Saturday, February 07, 2009

Manna from heaven

Government doesn't spend money in the same way that a lot of people do. When government spends money it doesn't open up the piggybank and let the dollars flow, it just takes money from some people and gives it to some others. It doesn't truly spend, it simply reallocates. Therefore, for government expenditures to make sense the money being spent on the government project has to be at least as equally worthwhile as what it otherwise would have been spent on.

For example, I am willing to forgo $10 -- roughly the cost of a movie ticket -- to ensure that our roads don't have potholes. I am less willing to make that tradeoff, however, if it is being spent on building a golf course.

Understanding this is vital. If government spend $1 billion and creates a few thousand jobs people might hail that as a great development. What they don't see, however, are the jobs that weren't created because businesses had to pay $1 billion in taxes that they couldn't invest in their companies. What's worse, the money spent by the government on jobs are less likely to be viable in the long-term and have less benefit to the economy because if the investments require government money to succeed it is a good sign that they aren't that economically viable, otherwise they wouldn't have to go to the government in the first place for funding.

We all know this intuitively, with most of the products we use on a daily basis the product of investment by the private sector, not government.

All of this is particularly true in the context of the debate over the stimulus package:
Mr. Obama is now endorsing a sort of reductionist Keynesianism that argues that any government spending is an economic stimulus. This is so manifestly false that we doubt Mr. Obama really believes it. He has to know that it matters what the government spends the money on, as well as how it is financed. A dollar doled out in jobless benefits may well be spent by the worker who receives it. That $1 of spending will count as economic activity and add to GDP.

But that same dollar can't be conjured out of thin air. The government has to take that dollar away from someone else -- either in higher taxes, or by issuing new debt in the form of a bond. The person who is taxed or buys the bond will have $1 less to spend. If the beneficiary of that $1 spends it on something less productive than the taxed American or the lender would have, then the net impact on growth will be negative.
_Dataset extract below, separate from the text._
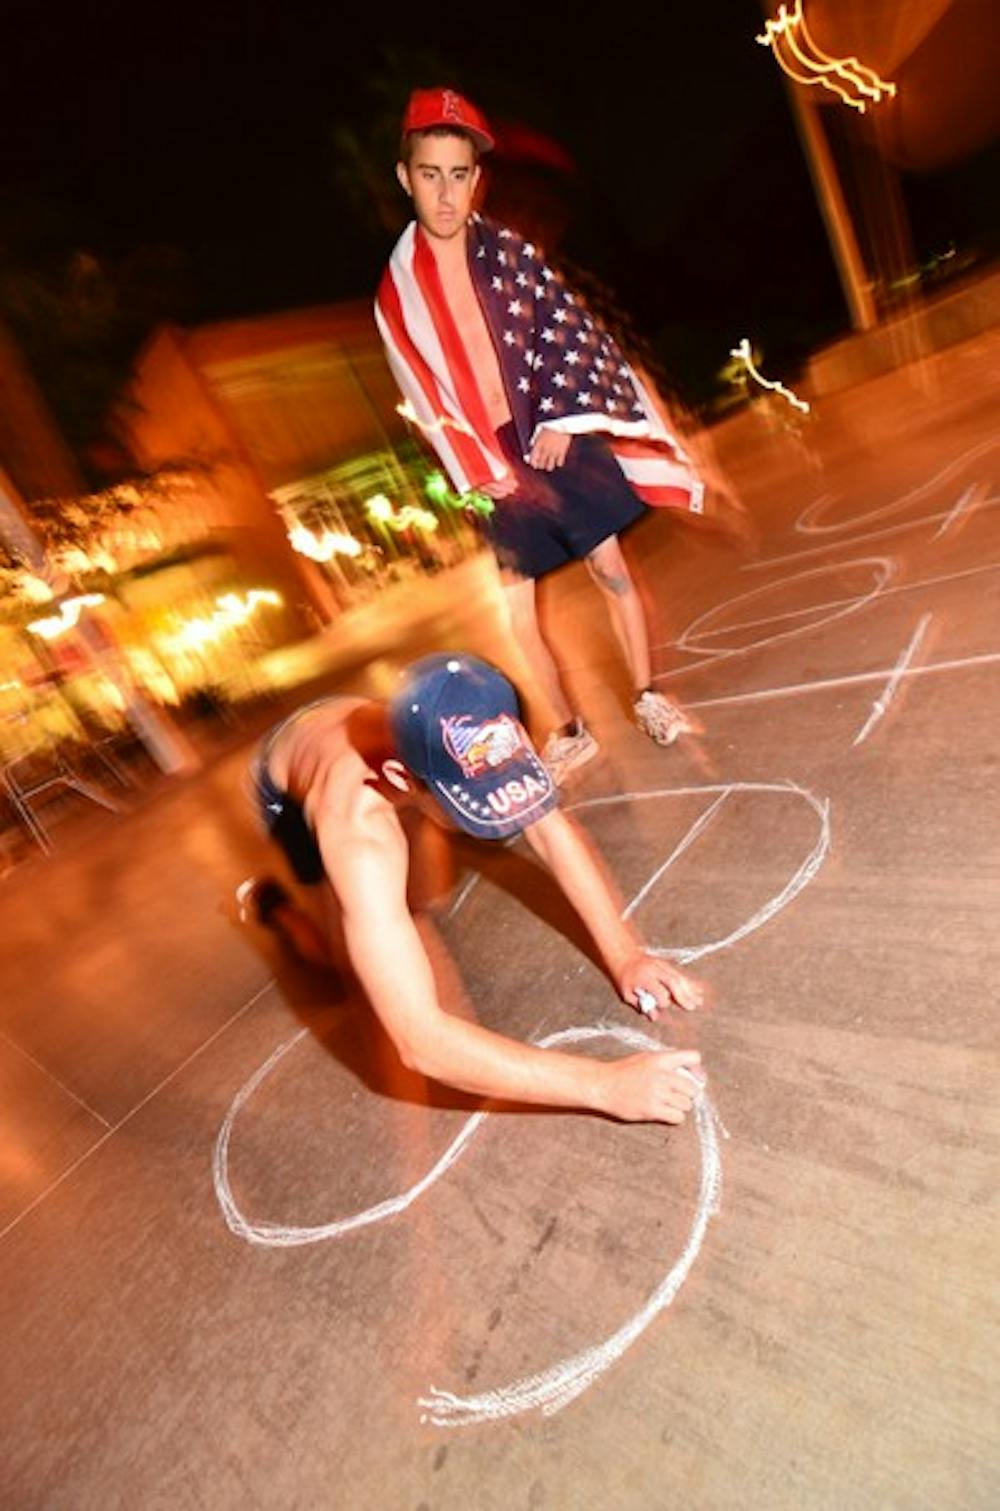 GOT HIM: Aeronautical management sophomore James White (right) and political science sophomore Steven Pizzi write patriotic slogans with chalk outside of the Memorial Union on Sunday night after hearing that the leader of al-Qaida, Osama bin Laden, was killed during a raid by the Navy Seals. (Photo by Aaron Lavinsky)
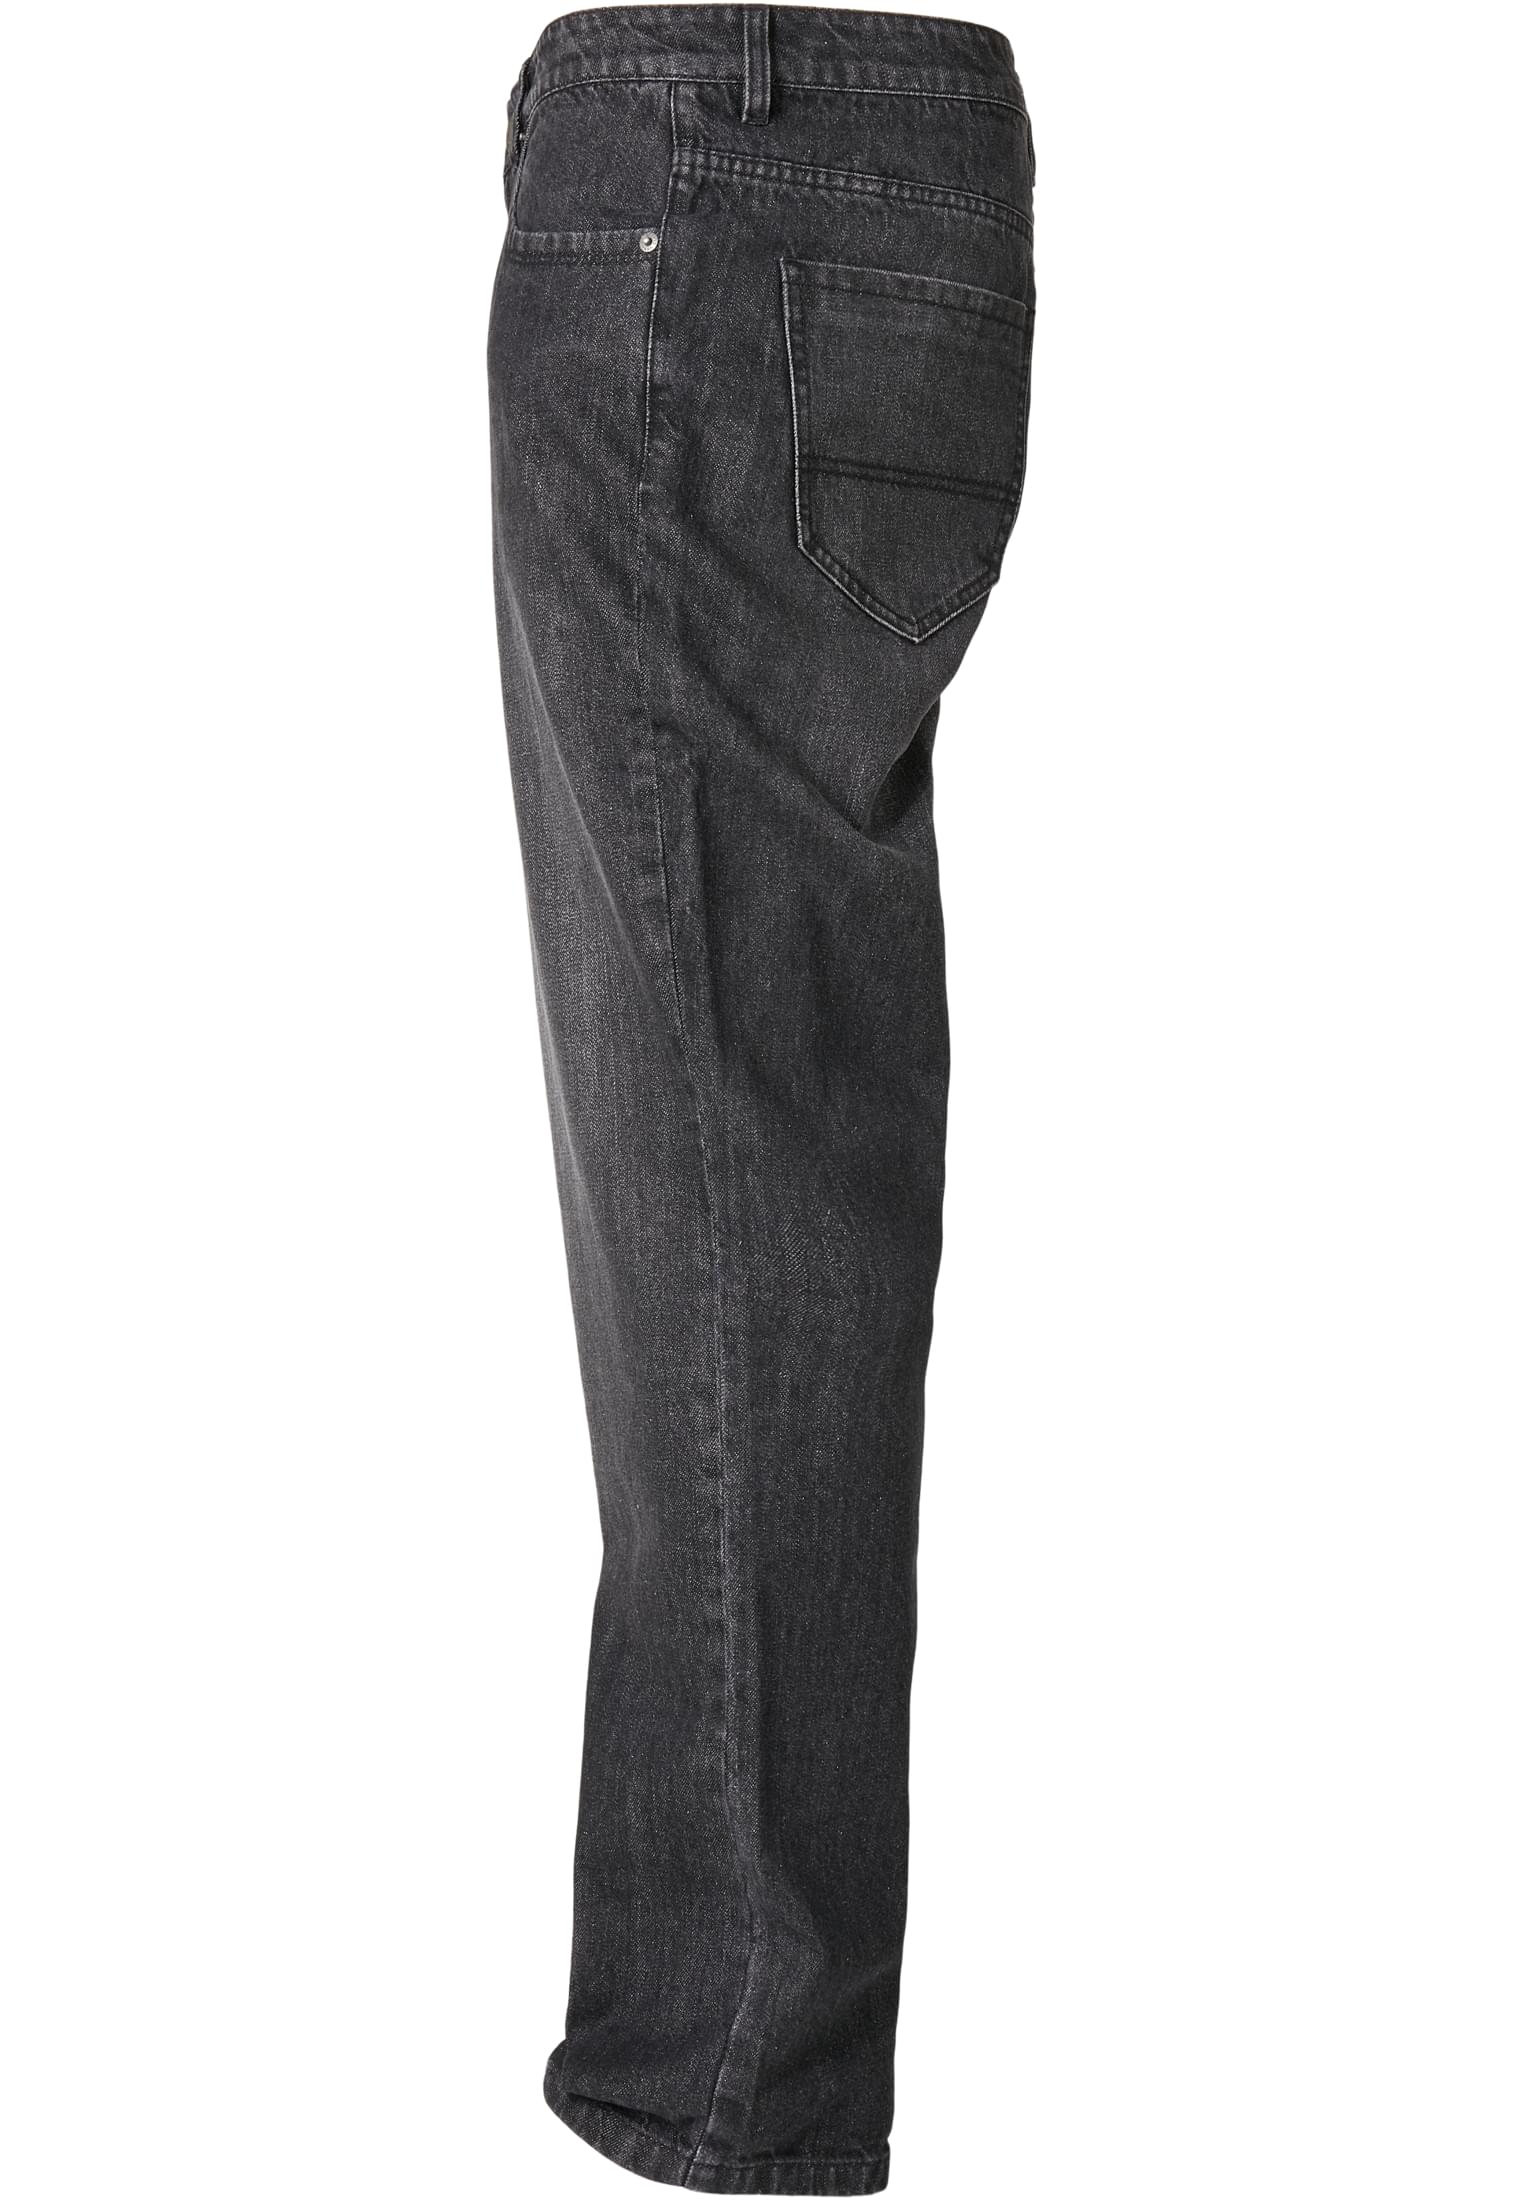 Hosen Loose Fit Jeans in Farbe real black washed

Some Democrats claim these transfer payments are stimulating because they go mainly to poor people, who immediately spend the money. Tax cuts for business or for incomes across the board won't work, they add, because those tax cuts go disproportionately to "the rich," who will save the money. But a saved $1 doesn't vanish from the economy, unless it is stuffed into a mattress. It enters the financial system, where it is lent to others; or it is invested in the stock market as capital for businesses; or it is invested in entirely new businesses, which are the real drivers of job creation and prosperity.
If everyone understood this the stimulus package would be laughed out of Congress.